ZeroAvia, an electric aircraft propulsion specialist, has achieved the next milestone as the company announces the maiden flight of its testbed hydrogen aircraft HyFlyer II. The plane took off from Cotswold Airport in England and remains the world’s largest hydrogen-electric aircraft.
This is according to ZeroAvia, which has been working on Project HyFlyer II since 2021. To demonstrate the viability of hydrogen-electric flight, the company is using a Dornier 228 aircraft. Usually, a twin-engine turboprop built by the German manufacturer Dornier between 1981 and 1998, the HyFlyer II version will have two 600 kW units mounted on the wings in place of the turbines. In future, hydrogen tanks will store up to 100 kilograms of compressed hydrogen.
However, this week’s maiden flight saw the testbed Dornier taxiing, launching and landing with the help of just one retrofitted prototype hydrogen powertrain on the aircraft’s left wing. It operated alongside a single Honeywell TPE-331 stock engine on the right.
As for power, the latest testing configuration comprises two fuel cell stacks. Lithium-ion battery packs provide peak power support during take-off, adding additional redundancy for safe testing, says Zero Avia. The hydrogen tanks and fuel cell systems were housed inside the cabin. In a commercial configuration, external storage would be used and the seats restored.
The test flight took place from the company’s R&D facility at Cotswold Airport and lasted ten minutes. ZeroAvia called it a “landmark flight” within its R&D operations backed by the UK Government’s ATI Programme, which targets developing a 600kW zero-emission powertrain to support 9-19 seat aircraft.
All systems performed as expected, and ZeroAvia stressed this was their largest engine tested to date and placed the company on “the direct path to a certifiable configuration to be finalised and submitted for certification in 2023”.

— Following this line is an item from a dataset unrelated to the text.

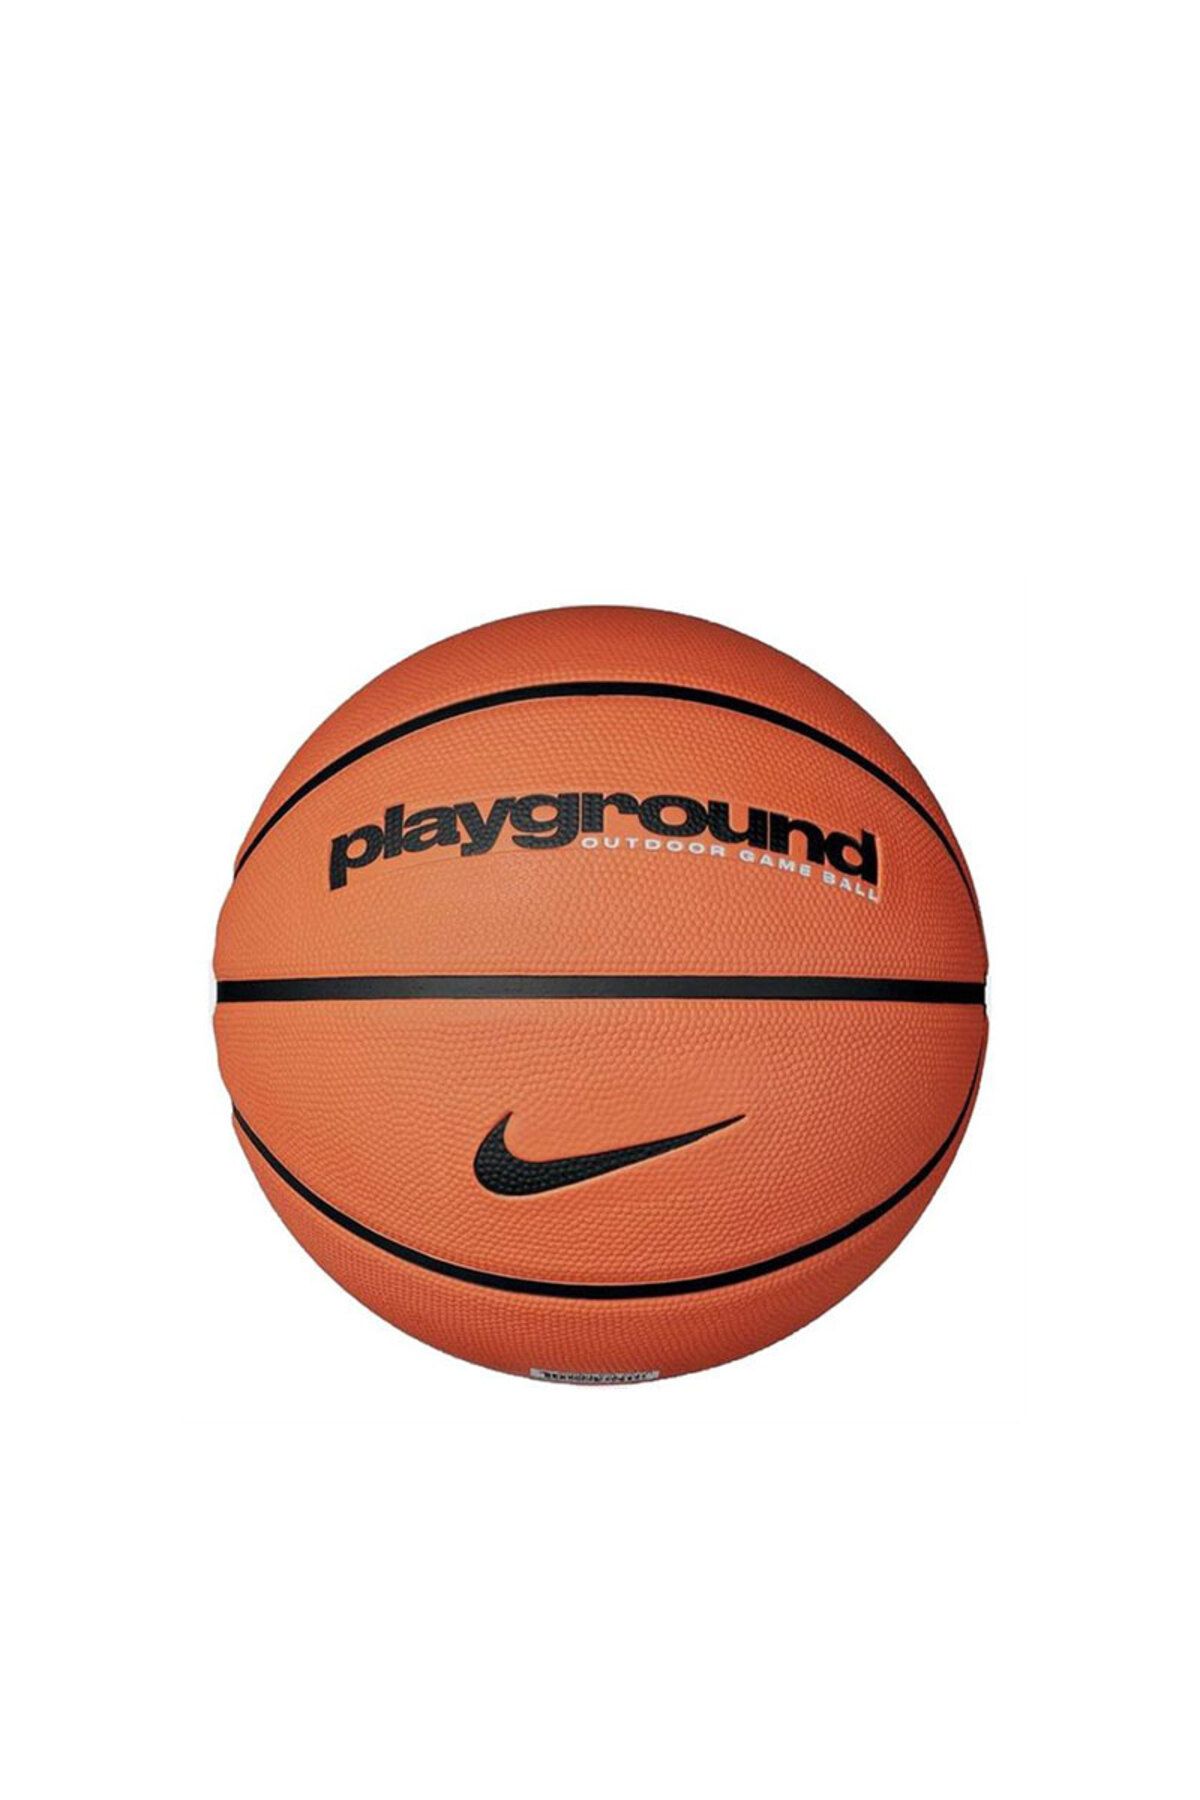 Nike Everyday Playground 8p Deflated
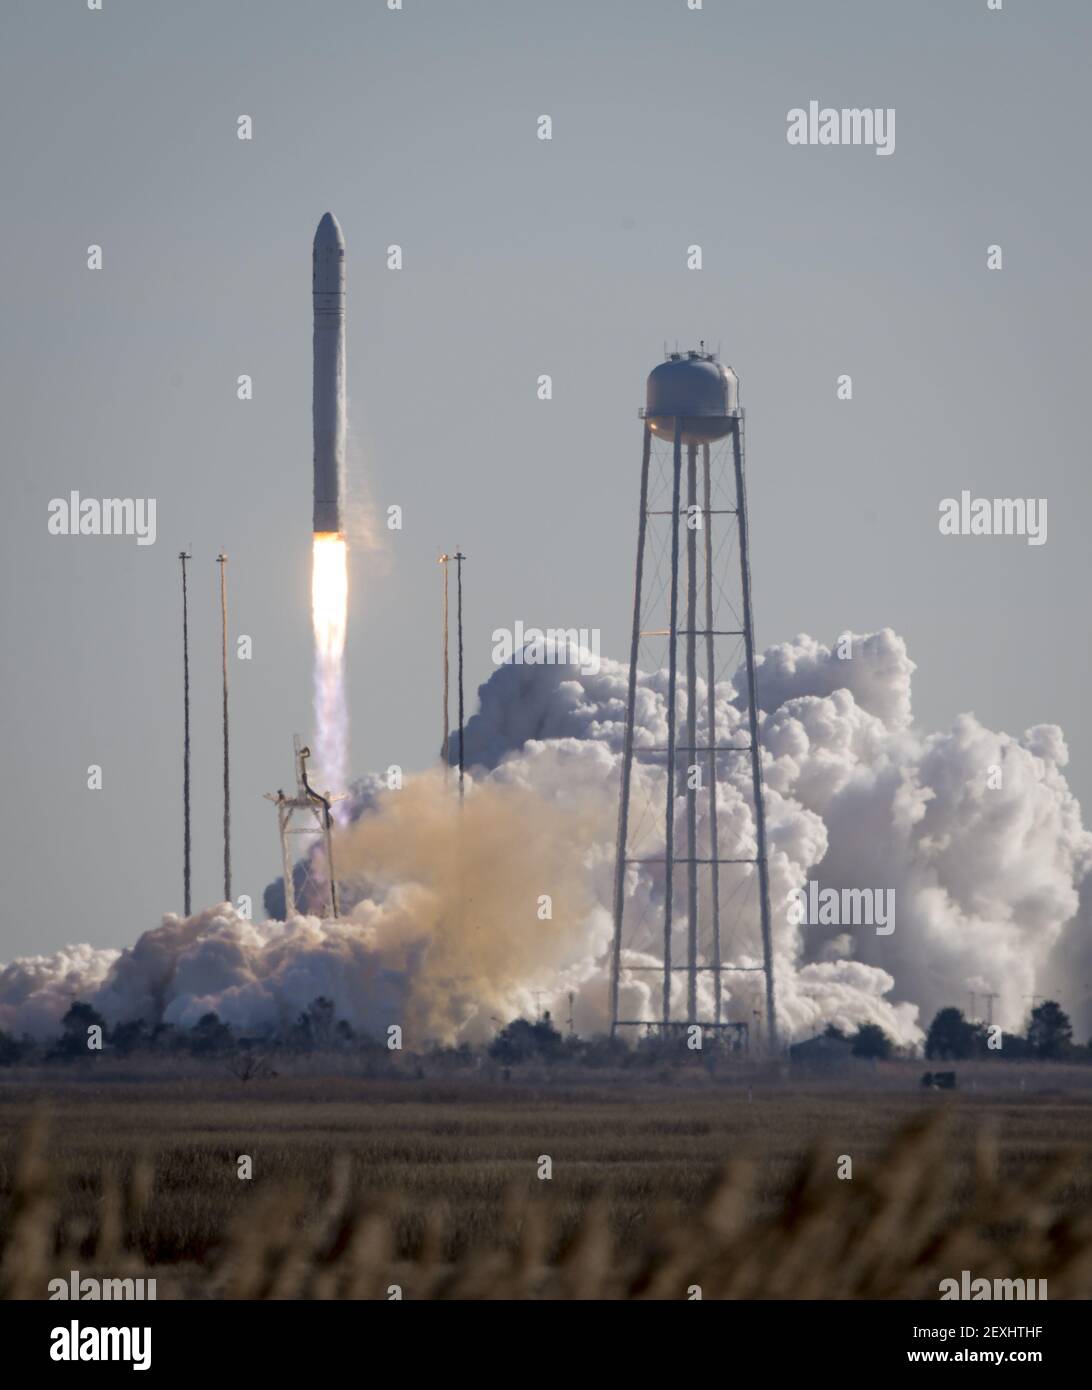 Un razzo Antares di Orbital Sciences Corporation è visto come viene lanciato da Pad-0A alla NASA Wallops Flight Facility, Giovedi, 9 gennaio 2014, Wallops Island, VA. Antares sta trasportando la navetta spaziale Cygnus su una missione di rifornimento del carico alla Stazione spaziale Internazionale. La missione Orbital-1 è il primo volo di consegna merci contratto di Orbital Sciences alla stazione spaziale per la NASA. Cygnus porta alla stazione spaziale esperimenti scientifici, materiale per equipaggio, ricambi e altri componenti hardware. Image Credit: Bill Ingalls/NASA/Sipa USA Foto Stock

ZeroAvia targets a 300-mile range in the 19-seater aircraft entering commercial operations by 2024 and up to a 700-mile range in 40-80 seat aircraft by 2026. Today the company added a 2-5 MW powertrain programme was underway to scale the technology for up to 90-seat aircraft, with further expansion into narrowbody aircraft demonstrators over the next decade.
The company runs a second facility and prototype plane in the US and has garnered a range of support overseas. The International Airlines Group (IAG) has been an investor since 2020, and their initial commitment also included United and Alaska Airlines. The Amazon Climate Pledge Fund, AP Ventures, Breakthrough Energy Ventures, Horizons Ventures, Summa Equity and Shell Ventures are among the remaining early investors, with American Airlines coming on board in August 2022, as reported.
American Airlines has already ordered the future engine from ZeroAvia. The company also announced new infrastructure partnerships with OEM Textron Aviation and airports, including Rotterdam, Edmonton International and AGS Airports. With 1,500 systems on pre-order, ZeroAvia says it was “well positioned to lead the industry’s transformation to a clean future”.